HDS also re-iterated their stance that Dynamic Provisioning will be available on AMS2000 in the 2nd half of this year. (See my prior post on this subject for more information).

HDS also mentioned that the AMS2000 now supports external authentication infrastructure for storage managers and will support Common Criteria Certification for more stringent data security needs. The external authentication will be available in the second half of the year.

I find the DC version pretty interesting and signals a renewed interest in telecom OEM applications for this mid-range storage subsystem. Unclear to me whether this is a significant market for HDS. The 2500DC only supports 4Gps FC and is packaged with a Cisco MDS 9124 SAN switch. DC powered storage is also more energy efficient than AC storage.

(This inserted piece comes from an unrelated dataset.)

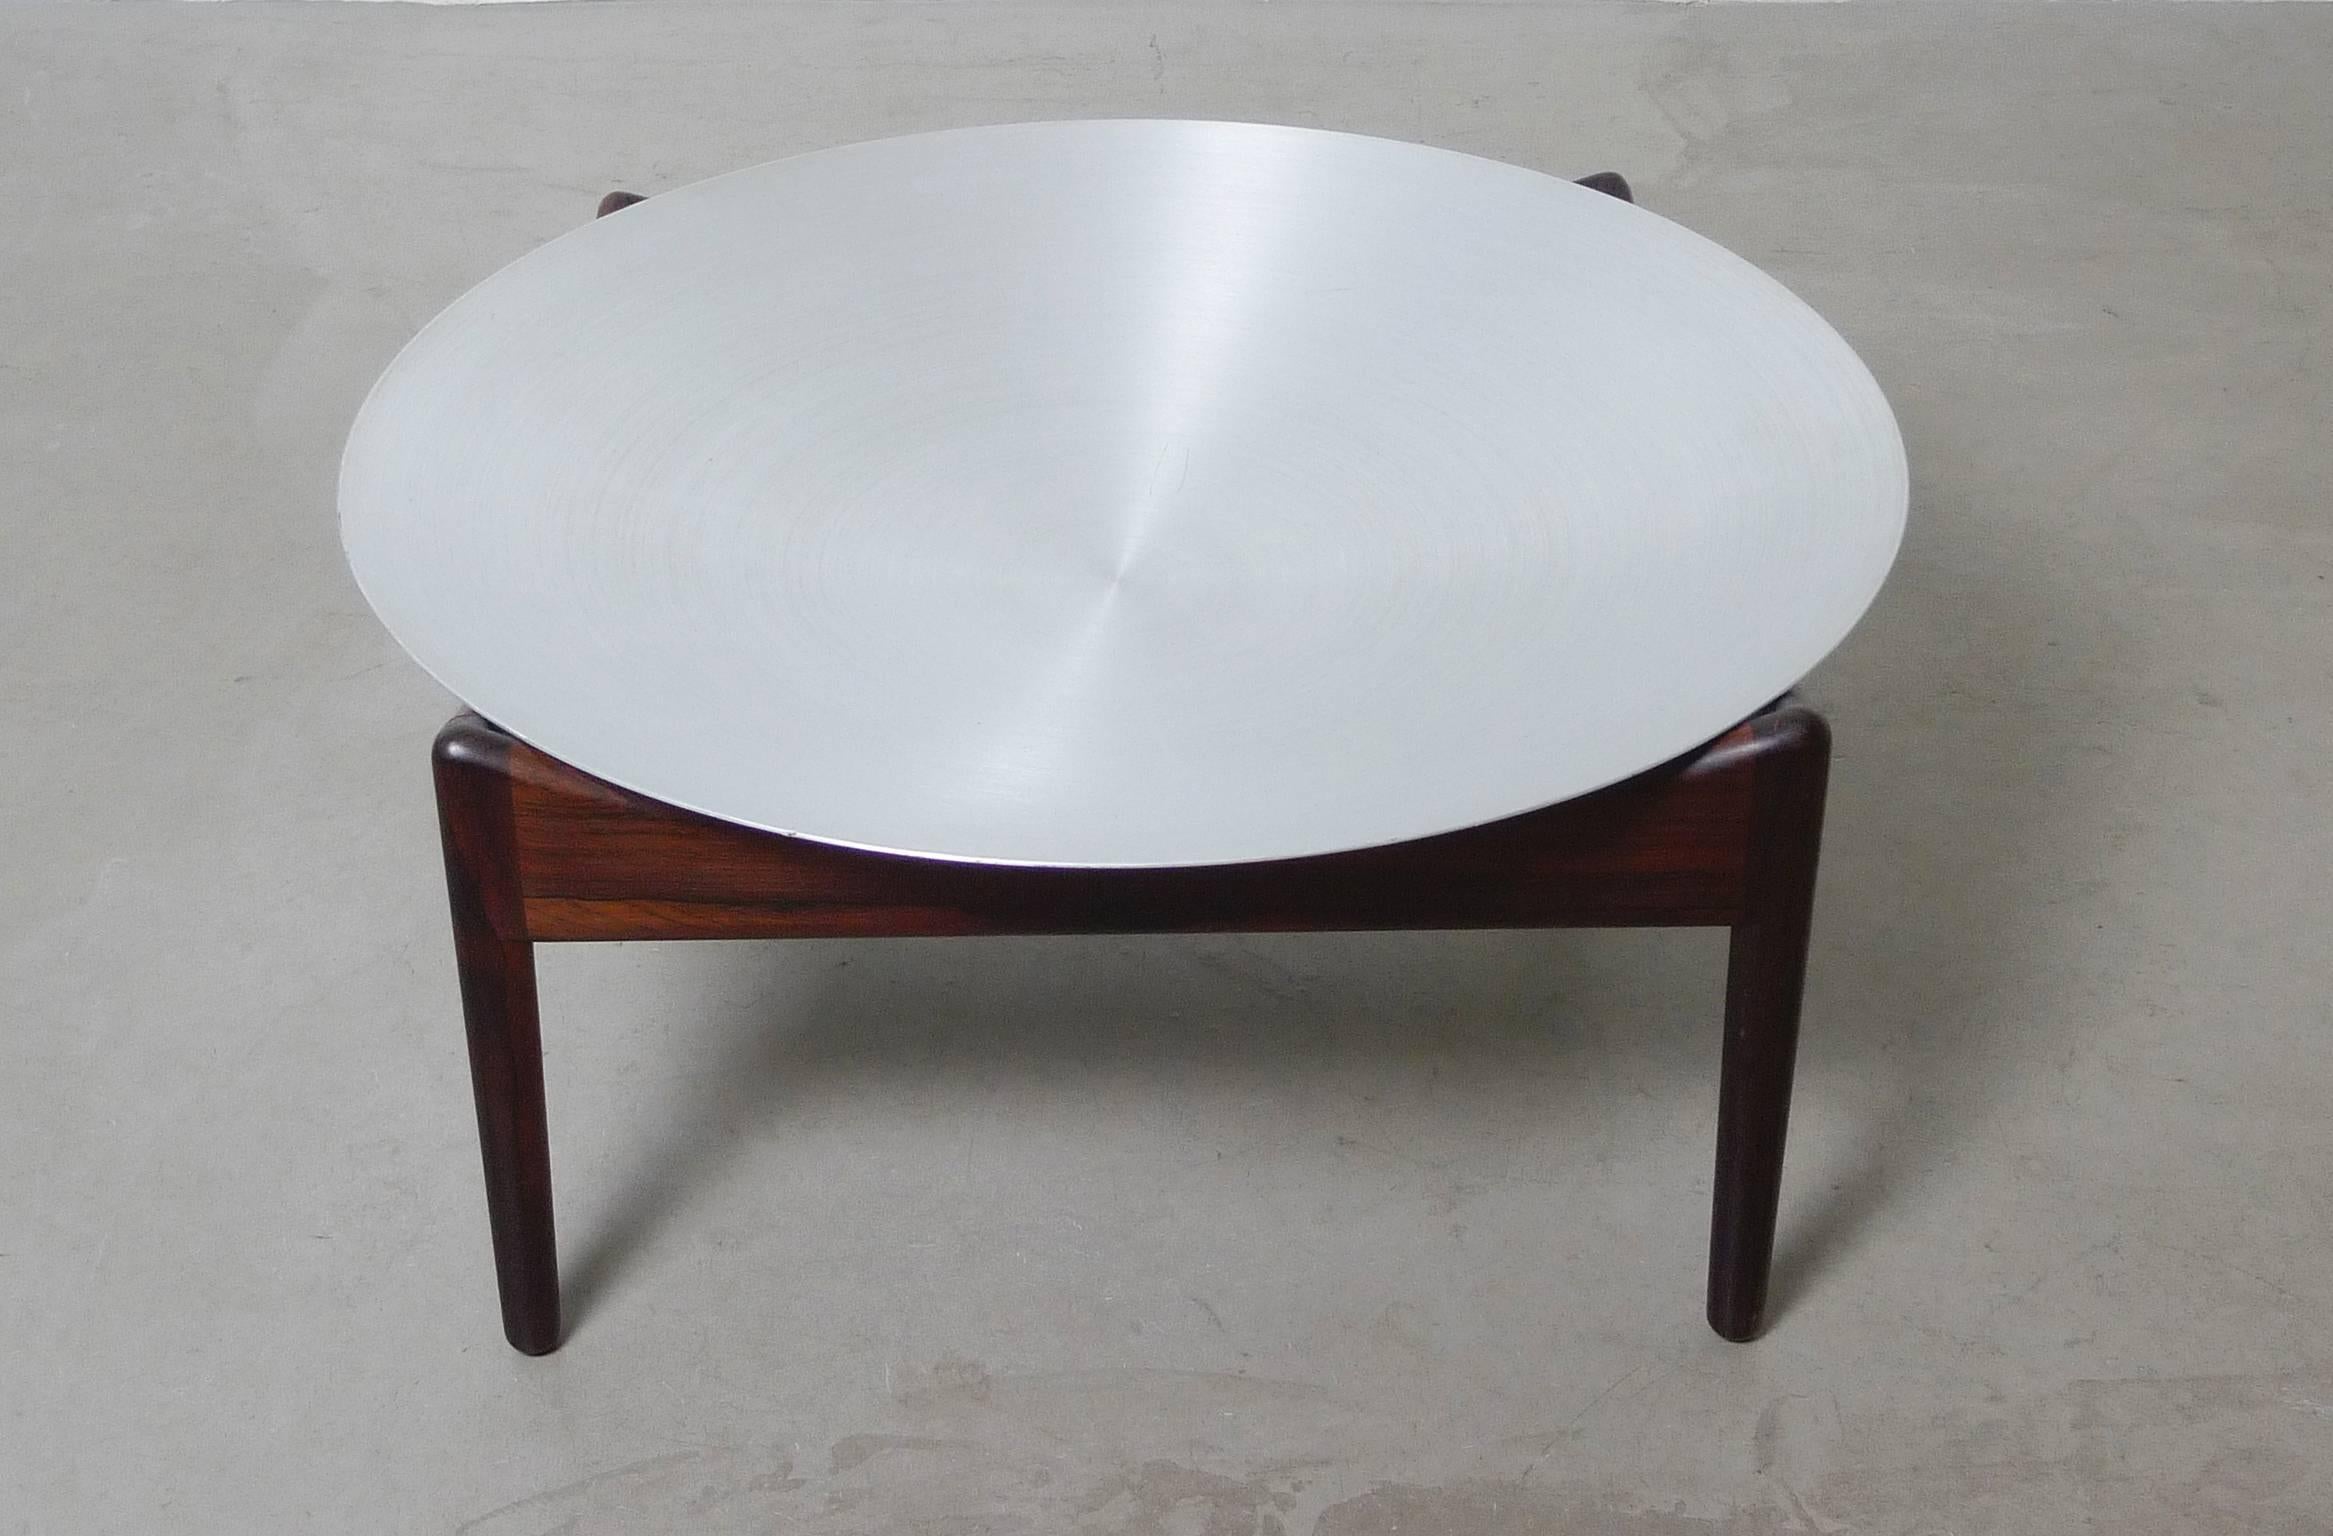 Large fruit bowl on rosewood stand by Kristian Solmer Vedel for So¨ren Willadsen, Denmark, 1960s. This rare object is in a very good condition.

Other than that the Common Criteria Certification can be a big thing for those companies or government entitities with significant interest in secure data centers. There was no specific time frame for this certification but presumably they have started the process.

As for the rest of this, it’s a pretty straightforward refresh.

DataDirect Networks WOS cloud storage

DataDirect Networks (DDN) announced this week a new product offering private cloud services. Apparently the new Web Object Scaler (WOS) is a storage appliance that can be clustered together across multiple sites and offers a single global file name space across all the sites. Also the WOS cloud supports policy file replication and distribution across sites for redundancy and/or load ballancing purposes.

DDN’s press release said a WOS cloud can service up to 1 million random file reads per second. They did not indicate the number of nodes required to sustain this level of performance and they didn’t identify the protocol that was used to do this. The press release implied low-latency file access but didn’t define what they meant here. 1M file reads/sec doesn’t necessarily mean they are all read quickly. Also, there appears to b more work for a file write than a file read and there is no statement on file ingest rate provided.

There are many systems out there touting a global name space. However not many say thier global name space spans across multiple sites. I suppose cloud storage would need to support such a facility to keep file names straight across sites. Nonetheless, such name space services would imply more overhead during file creation/deletion to keep everything straight and meta data duplication/replication/redundancy to support this.

Many questions on how this all works together with NFS or CIFS but it’s entirely possible that WOS doesn’t support either file access protocol and just depends on HTML get and post to access files or similar web services. Moreover, assuming WOS supports NFS or CIFS protocols, I often wonder why these sorts of announcements aren’t paired with a SPECsfs(r) 2008 benchmark report which could validate any performance claim at least at the NFS or CIFS protocol levels.

I talked to one media person a couple of weeks ago and they said cloud storage is getting boring. There are a lot of projects (e.g., Atmos from EMC) out there targeting future cloud storage, I hope for their sake boring doesn’t mean no market exists for cloud storage.

HDS Dynamic Provisioning for AMS

HDS announced support today for their thin provisioning (called Dynamic Provisioning) feature to be available in their mid-range storage subsystem family the AMS. Expanding the subsystems that support Thin provisioning can only help the customer in the long run.

It’s not clear whether you can add dynamic provisioning to an already in place AMS subsystem or if it’s only available on a fresh installation of an AMS subsystem. Also no pricing was announced for this feature. In the past, HDS charged double the price of a GB of storage when it was in a thinly provisioned pool.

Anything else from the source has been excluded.